У рыжему тотчас присоединился его товарищ, низенький, похожий на турка чернявый парень.
 - Ich glaube, dieser Mensch ist getrunck! – он дернул меня за плечо. – Have your been listening to me?! – проорал он мне в самое ухо.
 -Okay… its okay…  - изо рта турка пахнула чесночными специями, я замахал руками перед его лицом, и широко улыбнулся, демонстрируя пьяную беззаботность. Немцы самые доверчивые жители благополучной Европы! Конопатый богатырь, похожий на викинга, хлопнул меня по плечу здоровенной ладонью, сдернул с макушки свою бейсболку с оранжевым рисунком, изображающим оскалившегося сказочного монстра, и нахлобучил ее мне не голову. Чернявый толстяк сжал мою кисть в потной ладошке, и в следующее мгновение, оба они скрылись в пестрой, гудящей как улей жаркой людской толпе. Я проводил немцев взглядом, и только сейчас заметил, что мой локоть свободен. Я облегченно вздохнул, направился было к приветливо распахнутым дверям стриптиз бара, как словно из под земли, на дороге вырос инвалид. Он нахмурился, погрозил мне пальцем. Машинально я отметил, что правая кисть у туземца была трехпалой. На месте мизинца и безымянного бугрились рваные, со следами запекшейся крови раны. Я растерянно остановился.
  - What do you want?! – мне показалось, что я произнес это громко, но не расслышал своих слов. Гомон толпы заглушил голос.
  Однако инвалид быстро закивал головой, сжатые в ниточку губы раздвинулись в беззаботную ухмылку. Он уверенно протянул изуродованную кисть в сторону темного проулка, за которым теснили друг друга ветхие лачуги туземцев. Я конечно знал, что углубляться в тайские трущобы одинокому пьяному фарангу – верх легкомыслия, но то ли действительно крепкие коктейли окончательно притупили ощущение страха, либо я неосознанно искал опасностей, как это бывает у всякого труса, уставшего от своей постоянной боязни, но я не раздумывая шагнул вслед за уродливым туземцем в узкую, кривую как тропическая лиана улочку.
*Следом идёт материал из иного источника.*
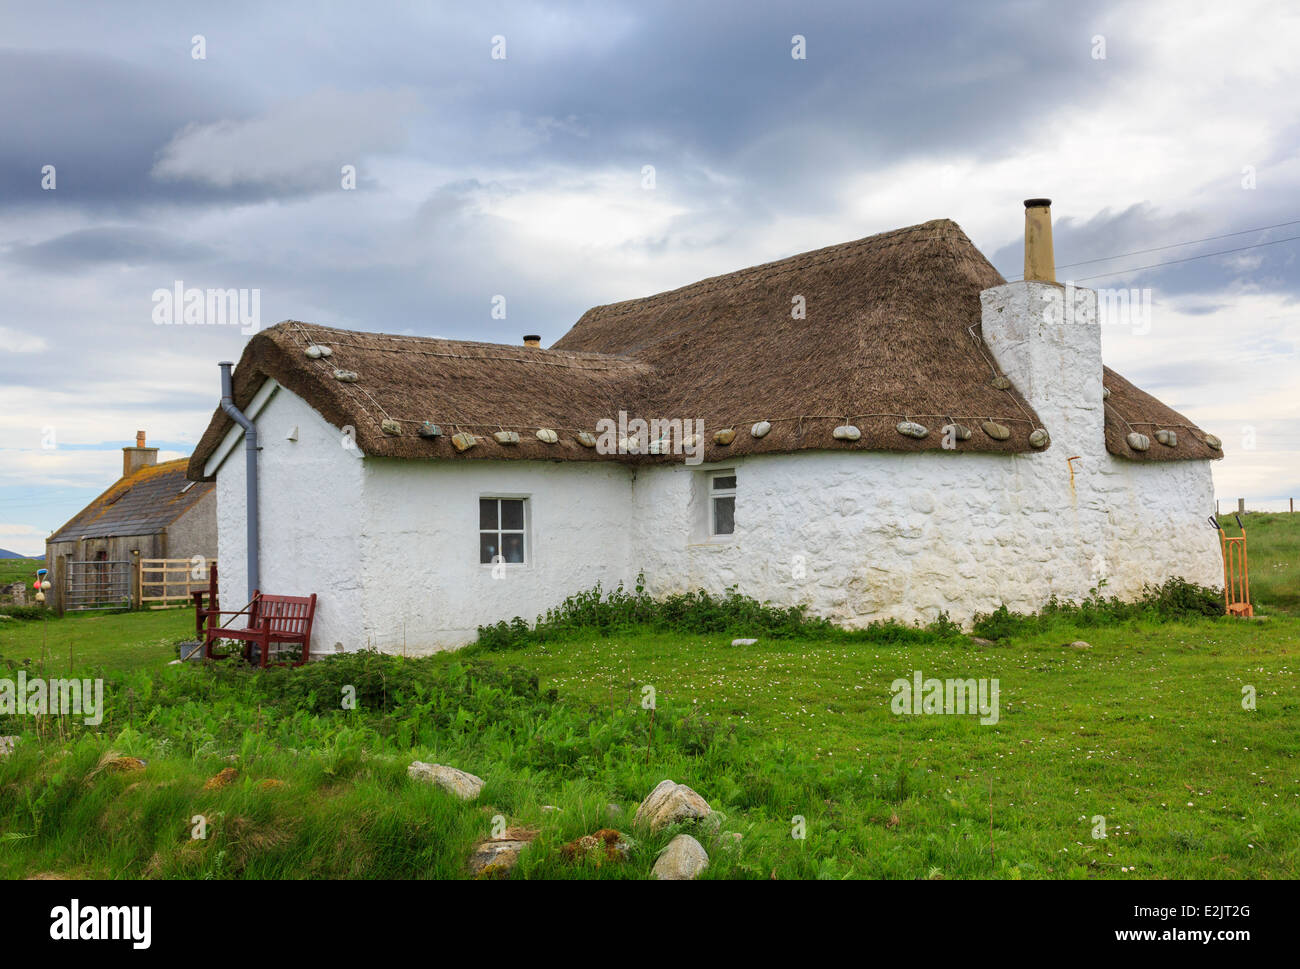 Jugendherberge in alten strohgedeckten blackhouse Cottage mit weiß getünchten Wänden. Howmore South Uist Äußere Hebriden Western Isles Schottland Großbritannien Großbritannien Stockfoto

   …Она стояла подле стены, освещенная тусклым желтым фонарем, висящим на ржавой цепи. В дымчатых разводах оранжевого цвета вилась гудящая мошкара, девушка казалась окутанной облаком этого призрачного цвета, и ее дешевое платье – короткий лоскут алой материи сиял в полумраке, как пылающий факел. Я не разглядел ее лица, да это было и не важно… магическое влияние пестрого слияние ярких цветов походило на картины Гогена. В первое мгновение мне почудилось, что девушка обнажена, и красный цвет ее кожи, это анатомическое переплетение голых мускулов и нервов, лишенных кожи. Это было настолько страшно, притягательно и волнующе, что я остановился на месте.
  - Эй, друг! – кто то дернул меня за локоть. Рядом скалился маленький горбун. – Десять долларов за ночь! Хорошо, товарищ?!
  Этот уродец умело лопотал по-русски!
  Не в силах избавиться от болезненного наваждения, я машинально сунул купюру, внутренне содрогнувшись от прикосновения изуродованной кисти, инвалид подбежал к девушке, и быстро прошептал ей что то на ухо. Она медленно кивнула, и шагнула в сторону, погрузившись в темноту. Магия исчезла. Огненный всполох превратился в обычное платье, неестественно обнаженная плоть обернулась грубой влажной кожей. Девушка взяла меня под руку, и мы вышли на оживленную улицу.
  - Your name?! – я досадовал на себя, что повелся на примитивные уловки обычного уличного сутенера. Было жаль  потраченной десятки, при ярком свете уличных фонарей проститутка оказалась самой заурядной девчонкой, с темными кругами под глазами. Возможно, даже наркоманкой… но особенно было жалко утраченной иллюзии. Вспыхнувшей на мгновение и тотчас погасшей, как отсыревшая спичка.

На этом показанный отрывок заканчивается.